Consumers are thinking more about healthy eating, and snack makers are trying to convince people their treats can be part of that
Earlier this month, about two dozen employees from Mondelez International ’s headquarters sat facing a wall emblazoned with the company’s snack brands including Oreo cookies, Triscuit crackers, Swedish Fish candy, Cadbury chocolate and Nilla wafers. They gathered to learn how to eat these foods in a new way.
“Close your eyes and chew slowly,” said Claire Mark, a local meditation instructor who led the class. “Try to bring in a deeper level of awareness to the muscles that it takes to chew, to the physical experience of having food in your mouth, to recognize how it feels to swallow.” After a pause, the group repeated the process for each of the remaining bites needed to eat two crackers.
Mindful snacking, or the practice of slowly and deliberately eating food, is being promoted by companies who want to convince increasingly health-conscious consumers that indulging in cookies, crackers and candy is OK to do sometimes…
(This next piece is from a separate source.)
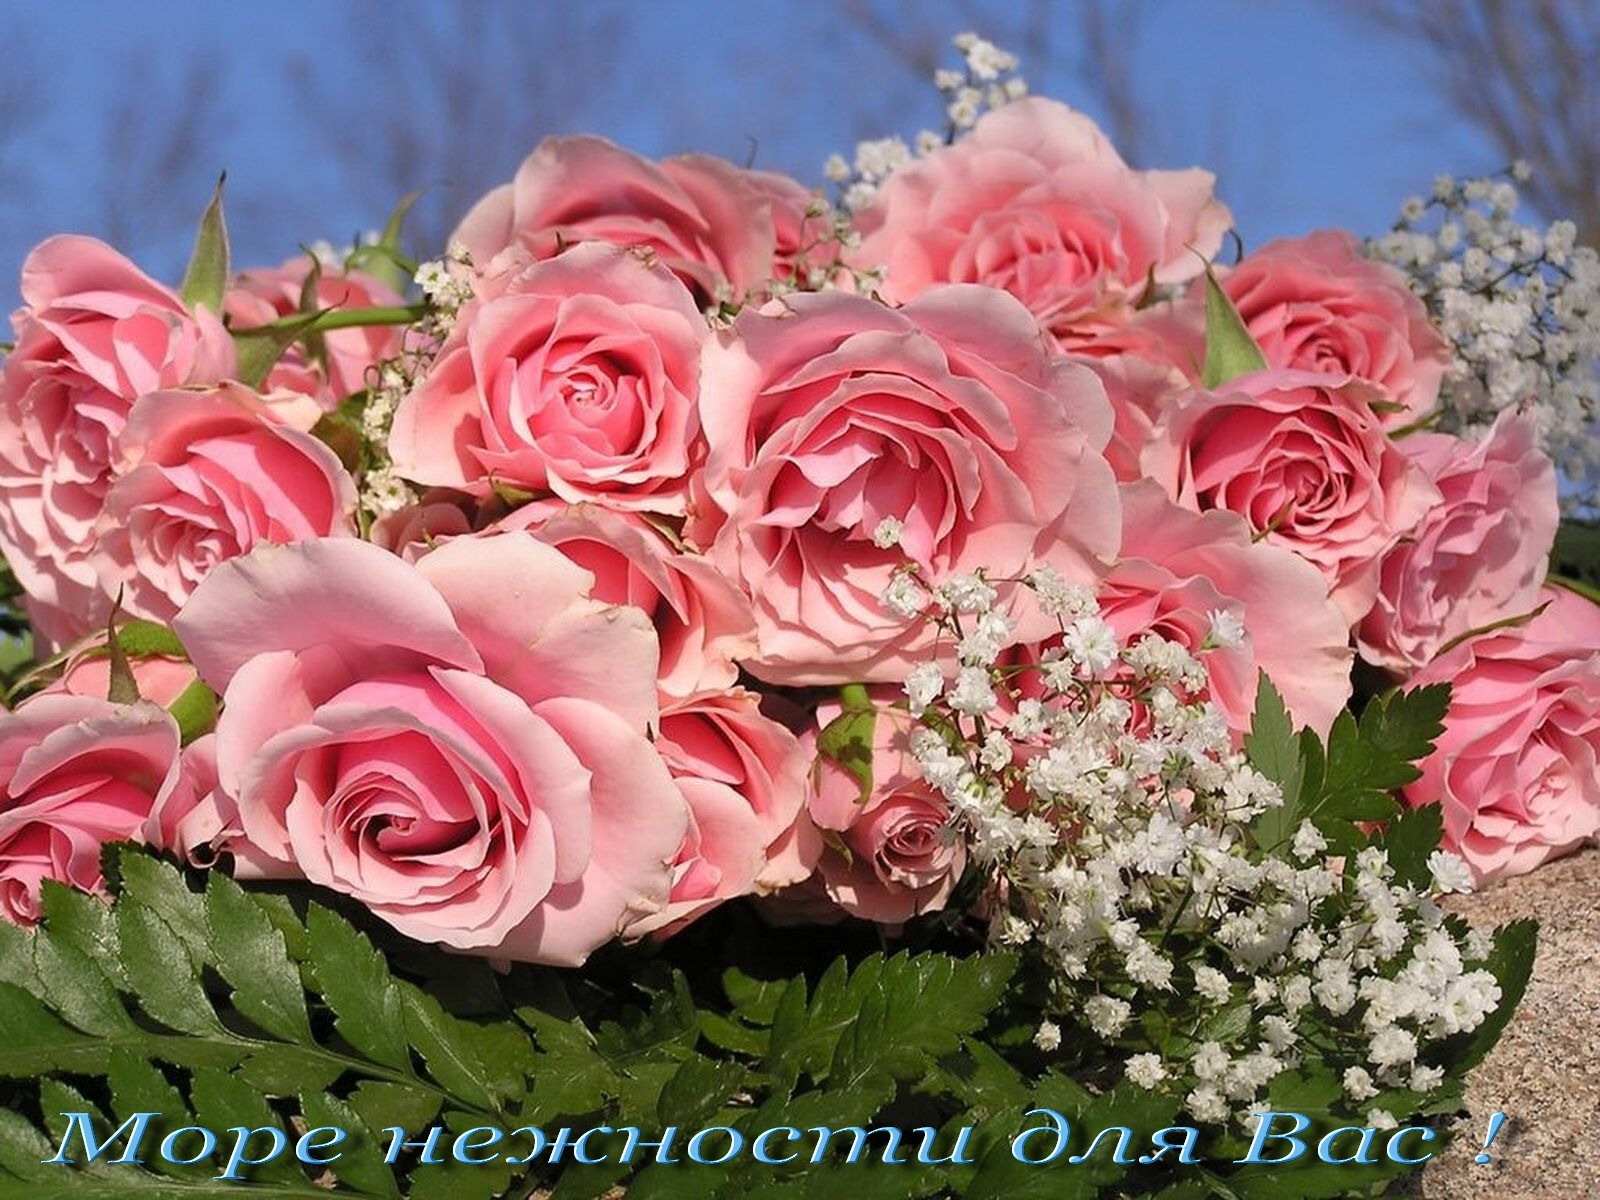 Скачать обои бесплатно Праздники, Растения, Розы, Цветы картинка на рабочий стол ПК

Justin’s, owned by Hormel Foods Corp. , had mindful eating in mind when it introduced bags of bite-size candies in 2015. Each is individually wrapped in foil, which prohibits mindlessly eating handfuls of the chocolate-and-peanut butter cups, says Justin Gold, founder.
“We don’t want consumers to have burnout of our product, to just eat a whole bunch of them and not eat them again for months because they feel terrible about themselves,” he says.